■ WORK TO BE COMPLETED ■
The line holding "dokonywania samodzielnych zakupów" is the last one to output; start at the first line of the data, keep every line in between exactly, and leave out pictures.

■ INFORMATION PROVIDED ■
+---+

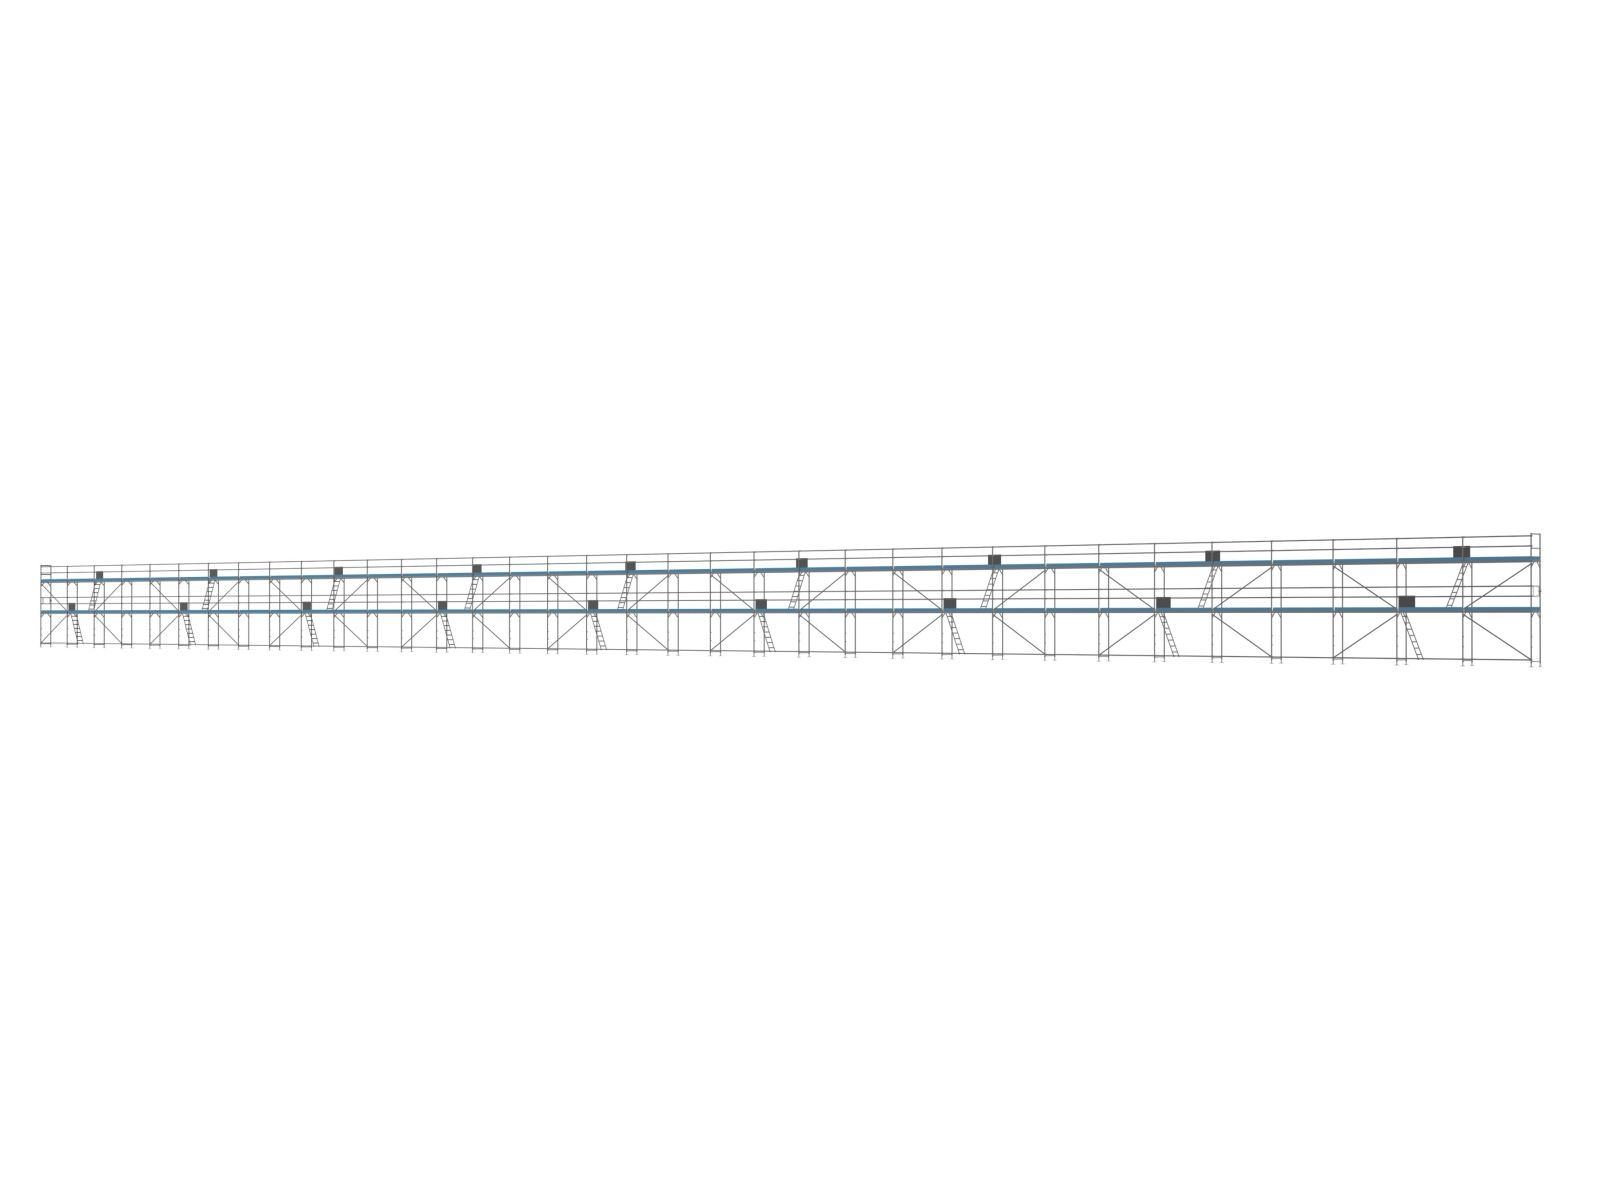 Alu Traufseitengerüst 720 qm - 3,0 m Felder - 120 m lang - 6 m Arbeitshöhe - Komplettpaket
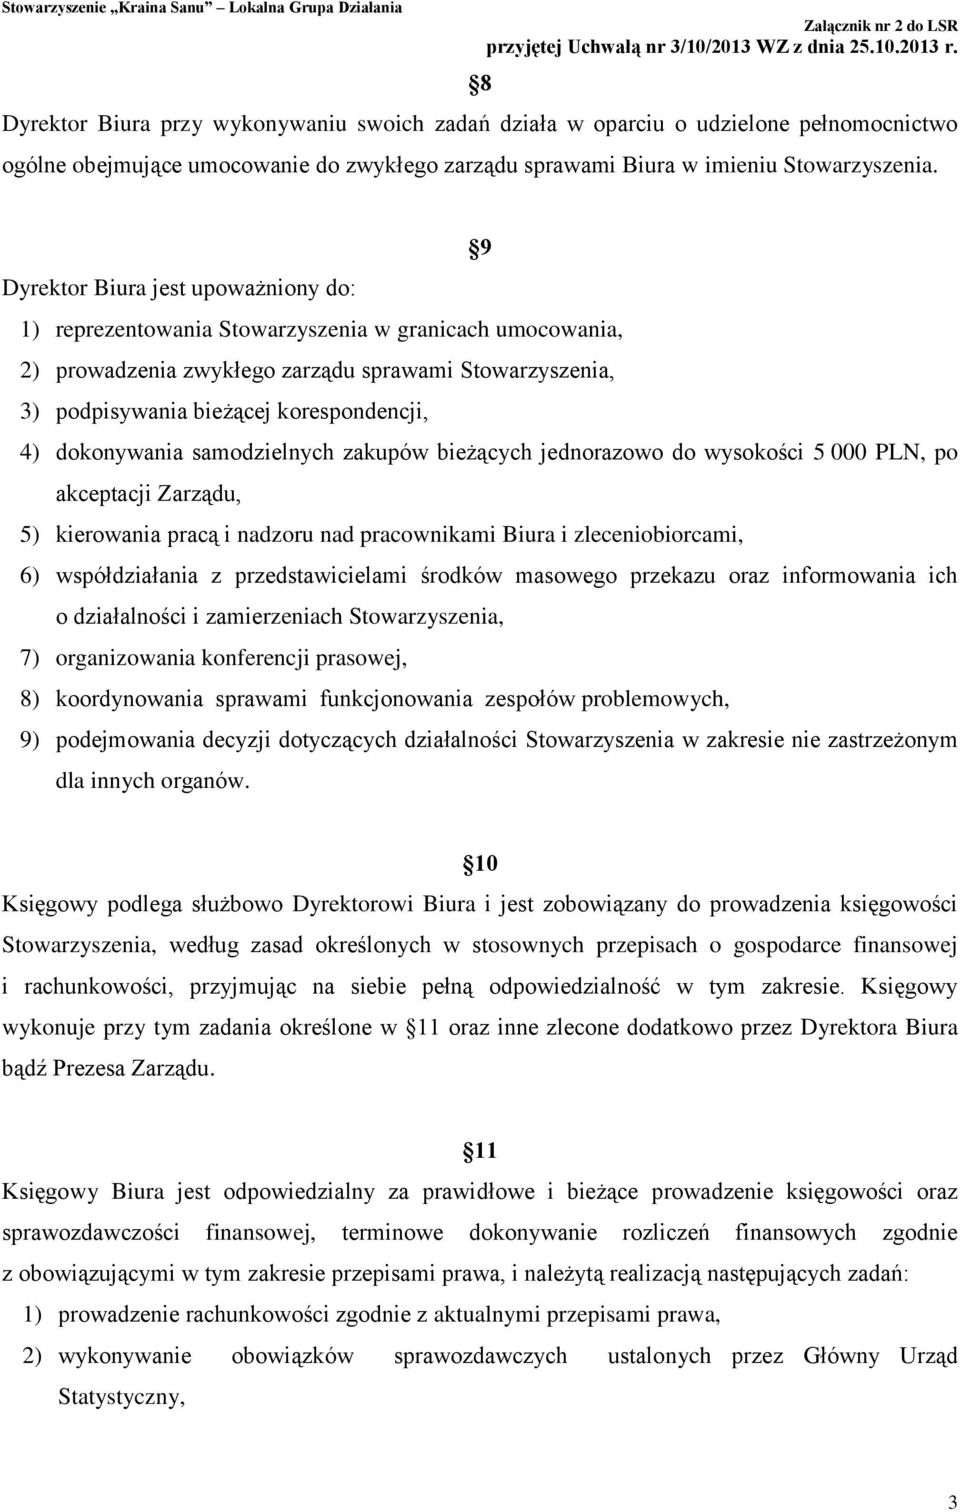 dokonywania samodzielnych zakupów bieżących jednorazowo do wysokości 5 000 PLN, po akceptacji Zarządu, 5) kierowania pracą i nadzoru nad pracownikami Biura i zleceniobiorcami, 6) współdziałania z
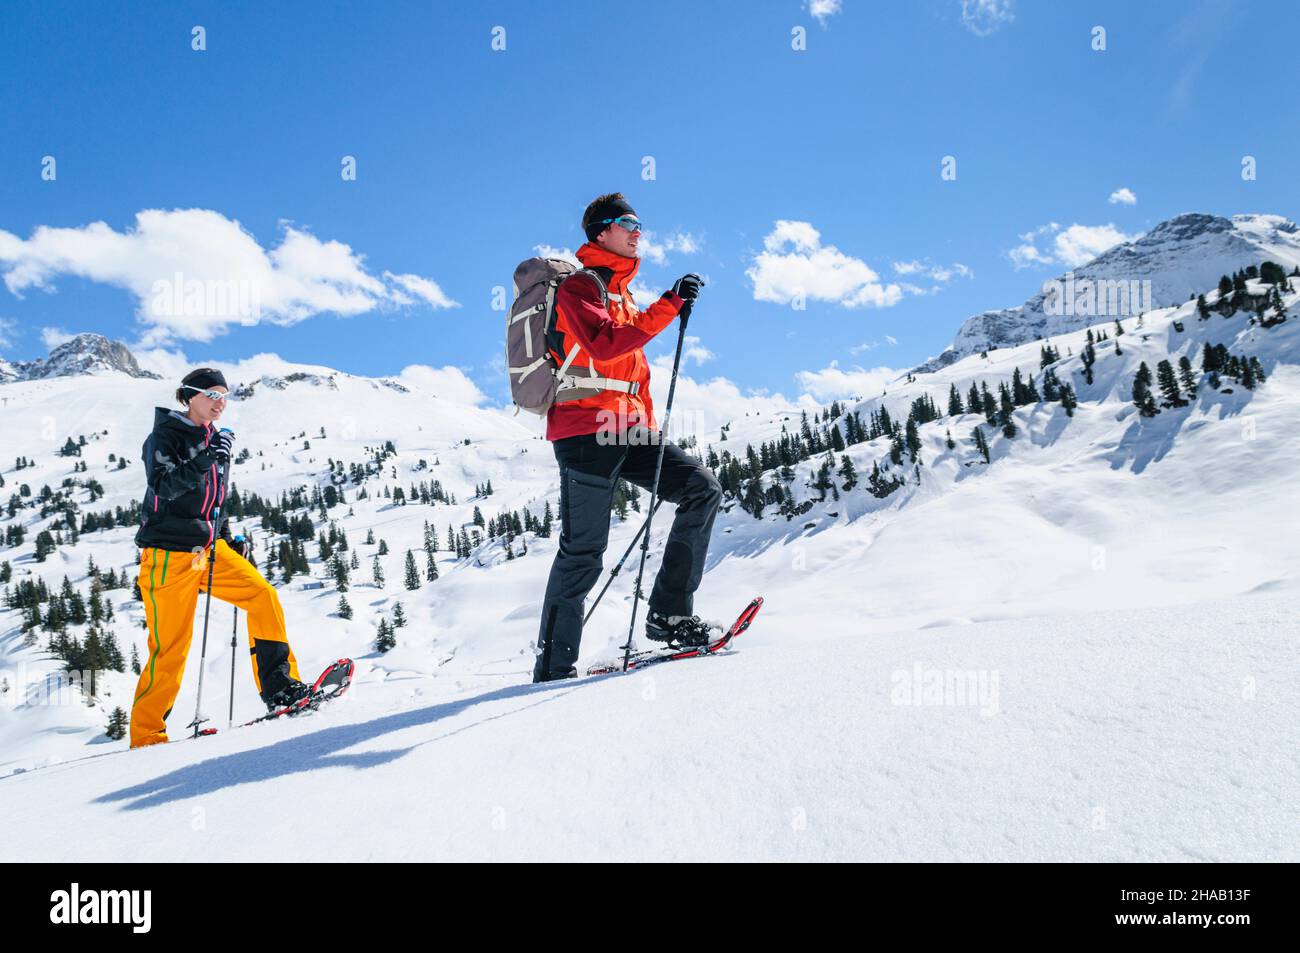 Zwei junge Leute unternehmen gemeinsam eine entspannte Tour auf Schneeschuhen nahe des Körbersees en VoraRelaxed tour con raquetas de nieve en la naturaleza invernal Foto de stock

+---+

■ RESPONSE AREA ■
 Alu Traufseitengerüst 720 qm - 3,0 m Felder - 120 m lang - 6 m Arbeitshöhe - Komplettpaket
 dokonywania samodzielnych zakupów bieżących jednorazowo do wysokości 5 000 PLN, po akceptacji Zarządu, 5) kierowania pracą i nadzoru nad pracownikami Biura i zleceniobiorcami, 6) współdziałania z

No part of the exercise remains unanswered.